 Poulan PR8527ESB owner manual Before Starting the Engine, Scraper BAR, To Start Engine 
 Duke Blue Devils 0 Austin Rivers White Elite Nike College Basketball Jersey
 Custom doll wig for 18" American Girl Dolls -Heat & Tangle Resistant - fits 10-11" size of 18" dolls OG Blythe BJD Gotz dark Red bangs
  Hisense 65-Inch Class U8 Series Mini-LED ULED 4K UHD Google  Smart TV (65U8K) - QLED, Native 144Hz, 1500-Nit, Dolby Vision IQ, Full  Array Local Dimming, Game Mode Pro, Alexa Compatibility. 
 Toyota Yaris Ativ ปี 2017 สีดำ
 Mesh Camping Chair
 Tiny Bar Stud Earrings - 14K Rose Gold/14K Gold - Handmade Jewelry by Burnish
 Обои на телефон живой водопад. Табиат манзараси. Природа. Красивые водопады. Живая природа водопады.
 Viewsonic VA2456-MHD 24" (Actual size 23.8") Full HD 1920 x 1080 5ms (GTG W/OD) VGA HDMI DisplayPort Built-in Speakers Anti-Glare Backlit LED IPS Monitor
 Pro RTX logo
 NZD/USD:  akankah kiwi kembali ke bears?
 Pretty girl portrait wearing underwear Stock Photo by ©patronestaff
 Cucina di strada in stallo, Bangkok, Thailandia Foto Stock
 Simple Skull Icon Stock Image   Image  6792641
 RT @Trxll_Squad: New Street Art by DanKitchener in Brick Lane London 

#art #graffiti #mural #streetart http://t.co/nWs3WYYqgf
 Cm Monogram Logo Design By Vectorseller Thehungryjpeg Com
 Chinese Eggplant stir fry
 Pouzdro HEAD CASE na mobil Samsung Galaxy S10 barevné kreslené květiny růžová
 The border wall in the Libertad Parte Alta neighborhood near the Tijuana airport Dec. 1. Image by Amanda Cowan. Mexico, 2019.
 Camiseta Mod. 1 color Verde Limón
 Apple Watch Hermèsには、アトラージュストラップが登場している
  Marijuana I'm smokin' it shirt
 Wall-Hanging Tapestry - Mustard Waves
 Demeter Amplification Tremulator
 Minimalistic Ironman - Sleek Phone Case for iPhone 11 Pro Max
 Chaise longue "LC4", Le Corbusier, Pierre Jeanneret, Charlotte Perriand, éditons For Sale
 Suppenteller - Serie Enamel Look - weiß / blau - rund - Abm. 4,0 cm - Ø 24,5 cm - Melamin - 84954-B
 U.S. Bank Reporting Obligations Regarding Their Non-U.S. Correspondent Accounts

Assigned task » Your answer should consist only of the lines above between the line holding "Cucina di strada" and the line holding "Pouzdro HEAD CASE", inclusive, each transcribed exactly.

Your solution »
 Cucina di strada in stallo, Bangkok, Thailandia Foto Stock
 Simple Skull Icon Stock Image   Image  6792641
 RT @Trxll_Squad: New Street Art by DanKitchener in Brick Lane London 

#art #graffiti #mural #streetart http://t.co/nWs3WYYqgf
 Cm Monogram Logo Design By Vectorseller Thehungryjpeg Com
 Chinese Eggplant stir fry
 Pouzdro HEAD CASE na mobil Samsung Galaxy S10 barevné kreslené květiny růžová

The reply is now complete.